I understand it except for why in the first line you put …("\"2\" is a "… why all the slash marks as apposed to …("2 is a "…?
In Lua (and indeed in a lot of languages), if you place a backslash in a string it's treated as an "escape" character. This means that the following character is to be treated in a special way.
Say you want to print a quotation mark. Catch is, you use quotation marks to signify the start and end of what you want to print! Try running this and see how far you get:
print(""")
The quote is one of those characters that can be escaped, and in this case doing so tells Lua that you actually want to represent a quotation mark within the string. Eg:
print("\"")
\n is another common usage of the escape character - that indicates that you want to perform a line break. Given how quotes are treated, you can probably guess what to do if you want to put an actual backslash within your strings.
I tested it the first time with an odd number for width which works just fine. Later realizing that even numbers still staircase. The program does everything right on odd widths because it alternates turns and with the 180 brings it back. If ending on an even though it drops and then continues to the right. creating this staircase effect like before. I tried playing with this a bit. Even tried to create a couple of functions that would get called to correct this error but they all failed to current the problem. There has to be a way to fix this but I have no idea how to do it.

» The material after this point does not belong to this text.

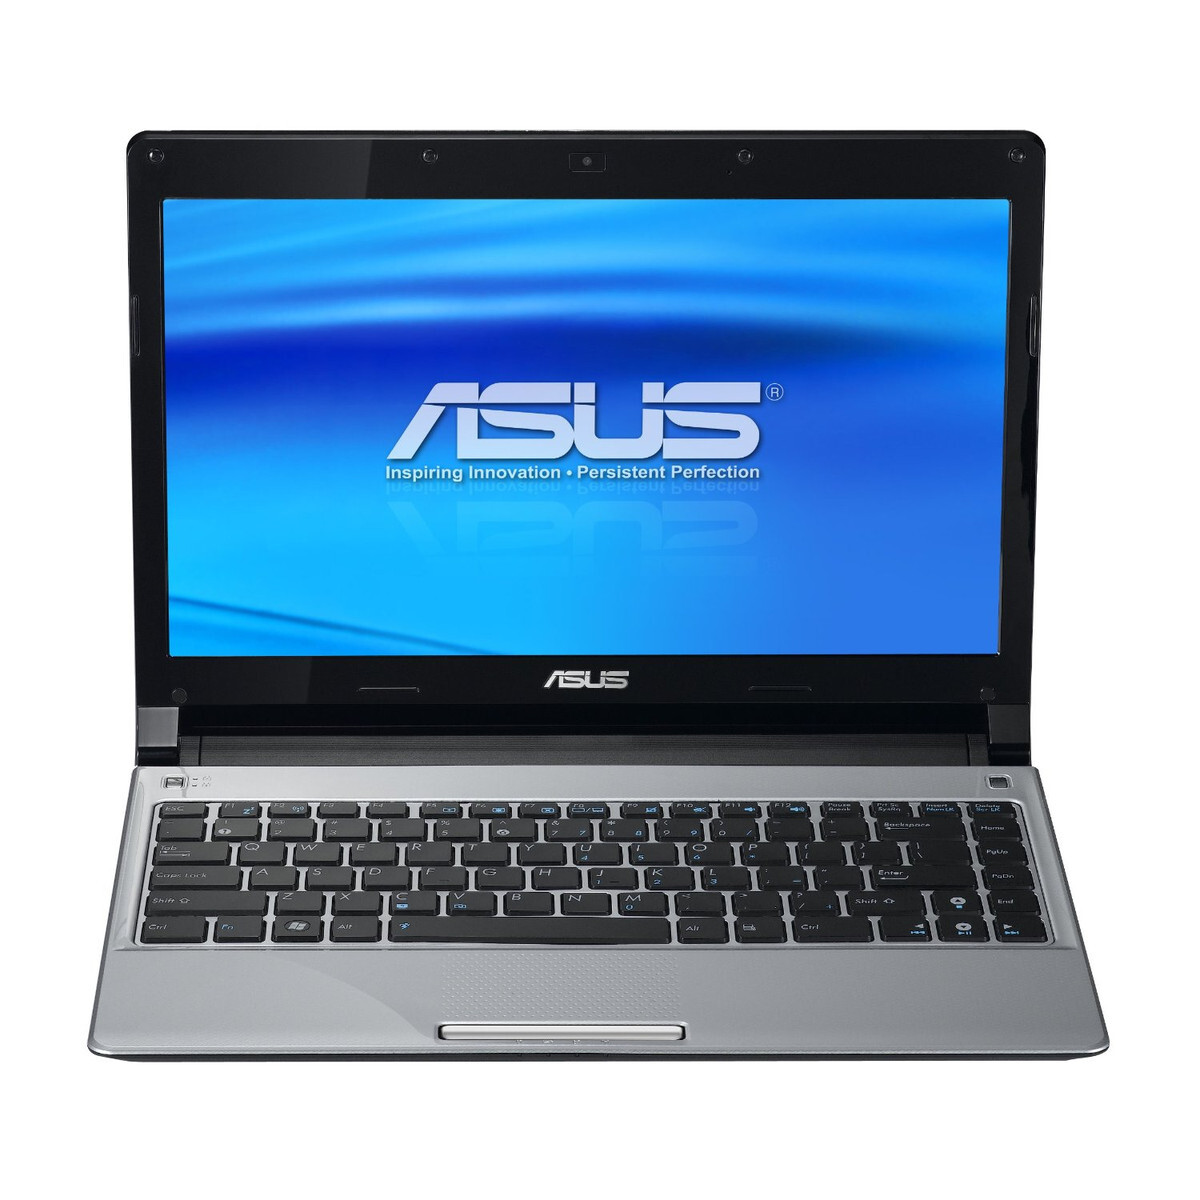 Laptop Asus UL30 Series UL30A-A3B - Intel Core 2 Duo SU7300 1.3GHz, 3GB RAM, 250GB HDD, VGA Intel GMA 4500MHD, 13.3inch

Consider: At present, the turtle travels along a pattern where for each layer it will turn right/left/right/left/etc. That's fine for an odd width, but not for an even one - in an even situation, it'd need to do one layer according to the right/left pattern, the next according to a left/right pattern, then back to right/left, and so on downwards.
Now, you
could expand out the turning check to determine whether or not the width is even or not, and if it
is, then add the current depth counter to the current width counter when performing the bit.band() check to determine direction. This would achieve the desired effect, but the code would be a bit lengthy and ugly.
(Well, without a ternary, but let's not get into those yet.)
What I'd suggest is to wait until the end of each layer,
then check to see if the width is odd. If it is, then do the usual 180 and continue, but if
not, then turn just 90 degrees and switch the width and the length of the shaft around. This then makes the right/left pattern viable for all layers.
The code would look like this:
turtle.digDown()
turtle.down()
if bit.band(w,1) == 1 then
-- Width of the shaft is odd, carry on as before:
turtle.turnRight()
turtle.turnRight()
else
-- Width of the shaft is even; change the orientation of the dig:
turtle.turnRight()
local temp = w
w = l
l = temp
end
By the way, on line 10 you're really wanting to bear in mind that the turtle already starts inside the first block of each lane, and therefore only needs to dig out length - 1 blocks from that point:
for j=1, l - 1 do
If the chunk that it is working in is no longer loaded for me or anyone on the server will it keep running? Does the turtle keep it loaded?
KoGY mostly has this covered, but usually the answer is to build and place a dedicated chunk loader in the area. In fact, depending on the mods you've got available, in some cases it's possible to integrate a chunk loader module into the turtles themselves (in a similar way to how you craft them together with crafting tables and pickaxes and so on).
In many circumstances, the
GPS API can be invaluable when coding turtles that can restart themselves after eg a server reboot. Unfortunately it's not all that useful unless you're dealing with a "fully automated" turtle - eg, one which harvests the same farm over and over again (and so has cause to return often to a certain location in the world anyway, and doesn't really care about what it was doing when the reboot happened specifically), as opposed to a digging turtle, which is unlikely to ever mine out the same shaft more than once and needs to know exactly where it was up to when the restart happened.